POLICY

Artists may “poison” AI models before Copyright Office can issue guidance

2023-11-03 14:11

Artists have spent the past year fighting companies that have been training AI image generators—including popular tools like the impressively photorealistic Midjourney or the ultra-sophisticated DALL-E 3—on their original works without consent or compensation. Now, the United States has promised to finally get serious about addressing their copyright concerns raised by AI, President Joe Biden said in his much-anticipated executive order on AI, which was signed this week. The US Copyright Office had already been seeking public input on AI concerns over the past few months through a comment period ending on November 15. Biden's executive order has clarified that following this comment period, the Copyright Office will publish the results of its study. And then, within 180 days of that publication—or within 270 days of Biden's order, "whichever comes later"—the Copyright Office's director will consult with Biden to "issue recommendations to the President on potential executive actions relating to copyright and AI." "The recommendations shall address any copyright and related issues discussed in the United States Copyright Office’s study, including the scope of protection for works produced using AI and the treatment of copyrighted works in AI training," Biden's order said.
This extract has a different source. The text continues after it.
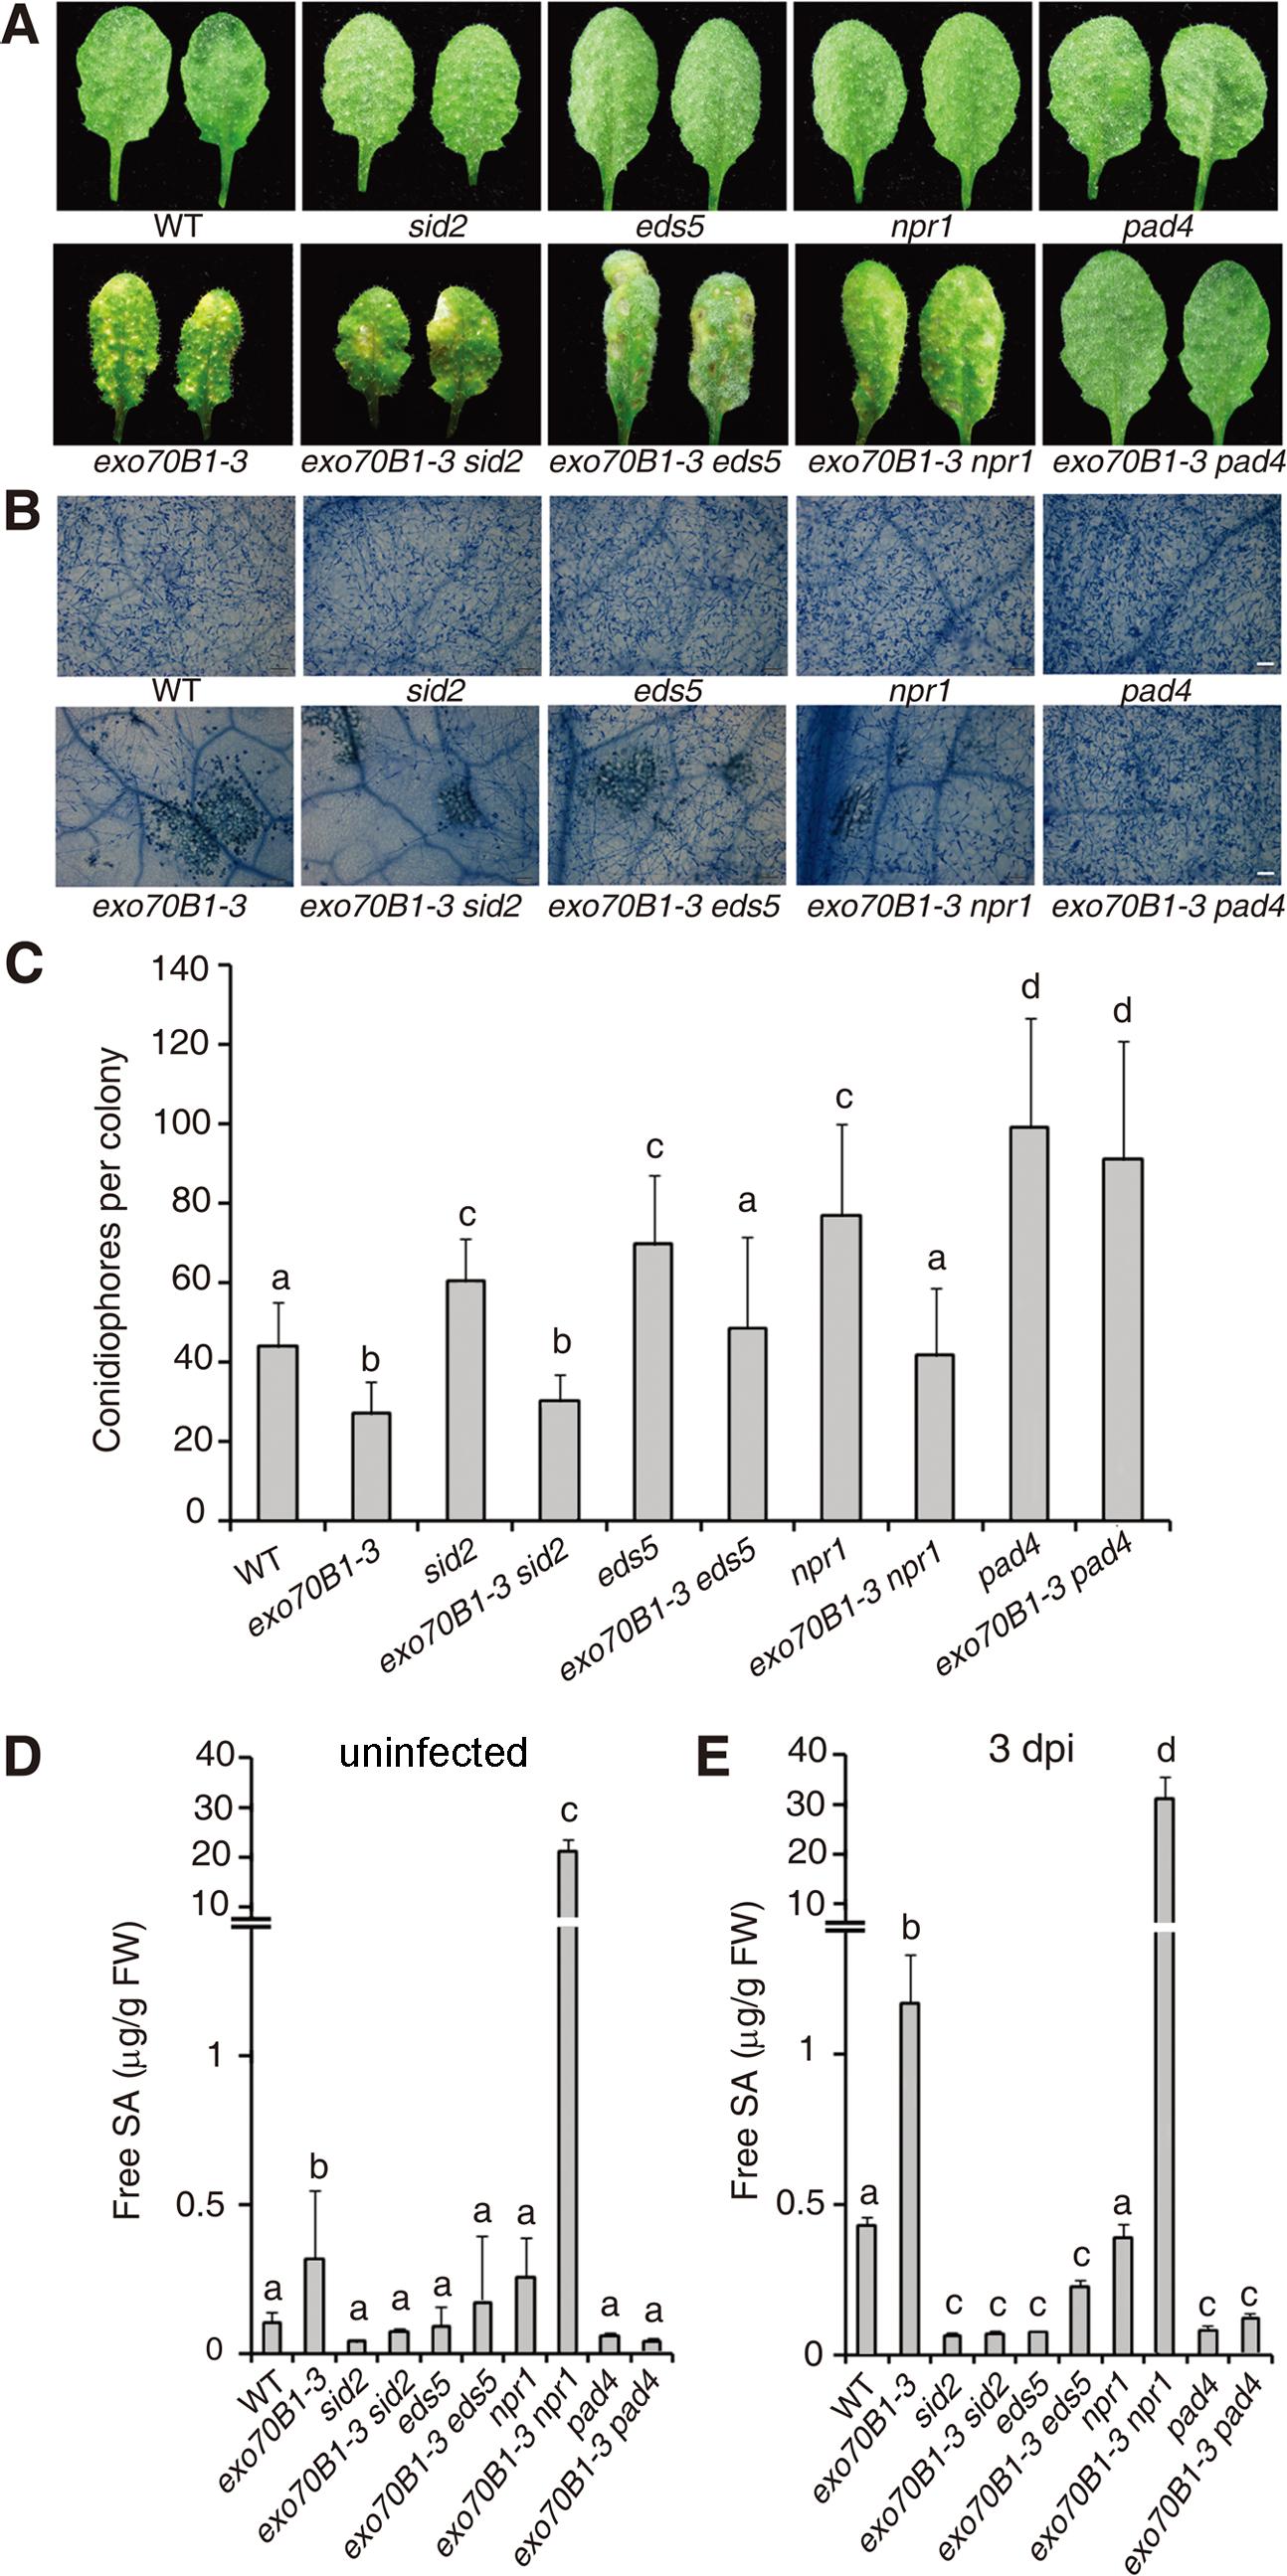 The <i>exo70B1-3</i> mutants accumulate high levels of SA and their enhanced resistance to <i>G. cichoracearum</i> requires <i>EDS5, NPR1</i> and <i>PAD4</i>.

That means that potentially within the next six to nine months (or longer), artists may have answers to some of their biggest legal questions, including a clearer understanding of how to protect their works from being used to train AI models. Currently, artists do not have many options to stop AI image makers—which generate images based on user text prompts—from referencing their works. Even companies like OpenAI, which recently started allowing artists to opt out of having works included in AI training data, only allow artists to opt out of future training data. Artists can't opt out of training data that fuels existing tools because, as OpenAI says:

After AI models have learned from their training data, they no longer have access to the data. The models only retain the concepts that they learned. When someone makes a request of a model, the model generates output based on its understanding of the concepts included in the request. It does not search for or copy content from an existing database.
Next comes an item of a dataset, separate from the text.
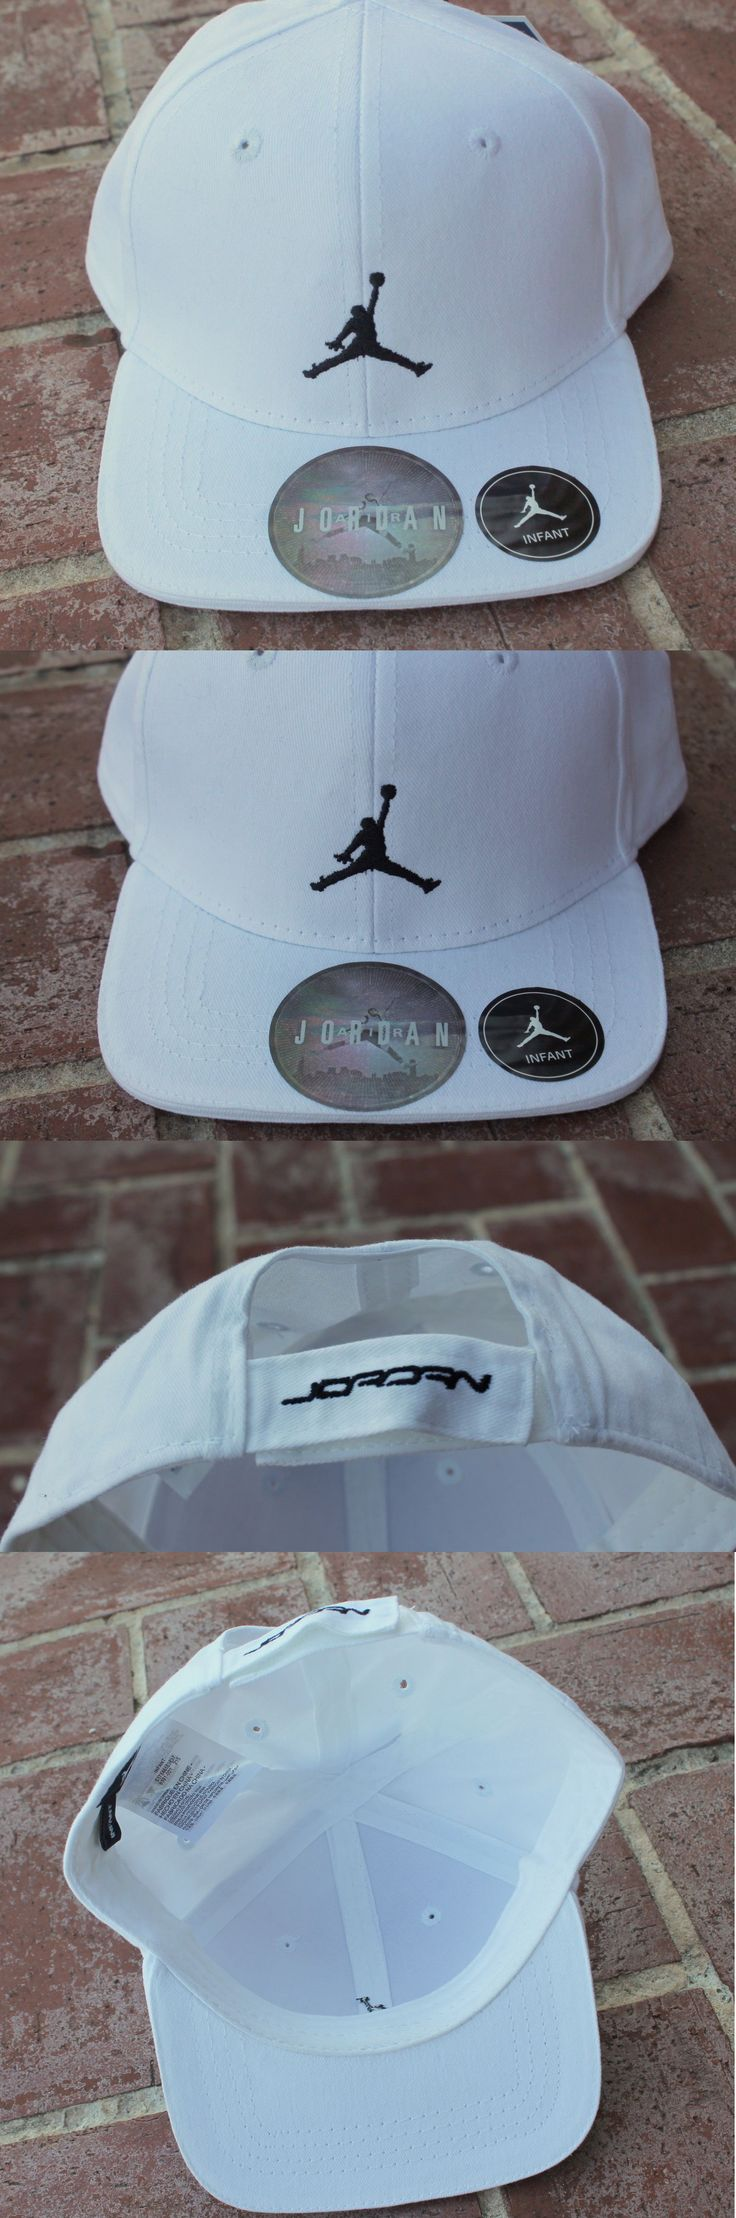 Michael Jordan Baby Clothing: New Nike Air Michael Jordan Infant Baby Boy Girl White Baseball Cap 12-18-24 M BUY IT NOW ONLY: $16.95

According to The Atlantic, this opt-out process—which requires artists to submit requests for each artwork and could be too cumbersome for many artists to complete—leaves artists stuck with only the option of protecting new works that "they create from here on out." It seems like it's too late to protect any work "already claimed by the machines" in 2023, The Atlantic warned. And this issue clearly affects a lot of people. A spokesperson told The Atlantic that Stability AI alone has fielded “over 160 million opt-out requests in upcoming training.” Until federal regulators figure out what rights artists ought to retain as AI technologies rapidly advance, at least one artist—cartoonist and illustrator Sarah Andersen—is advancing a direct copyright infringement claim against Stability AI, maker of Stable Diffusion, another remarkable AI image synthesis tool. Andersen, whose proposed class action could impact all artists, has about a month to amend her complaint to "plausibly plead that defendants’ AI products allow users to create new works by expressly referencing Andersen’s works by name," if she wants "the inferences" in her complaint "about how and how much of Andersen’s protected content remains in Stable Diffusion or is used by the AI end-products" to "be stronger," a judge recommended. In other words, under current copyright laws, Andersen will likely struggle to win her legal battle if she fails to show the court which specific copyrighted images were used to train AI models and demonstrate that those models used those specific images to spit out art that looks exactly like hers. Citing specific examples will matter, one legal expert told TechCrunch, because arguing that AI tools mimic styles likely won't work—since "style has proven nearly impossible to shield with copyright." Andersen's lawyers told Ars that her case is "complex," but they remain confident that she can win, possibly because, as other experts told The Atlantic, she might be able to show that "generative-AI programs can retain a startling amount of information about an image in their training data—sometimes enough to reproduce it almost perfectly." But she could fail if the court decides that using data to train AI models is fair use of artists' works, a legal question that remains unclear.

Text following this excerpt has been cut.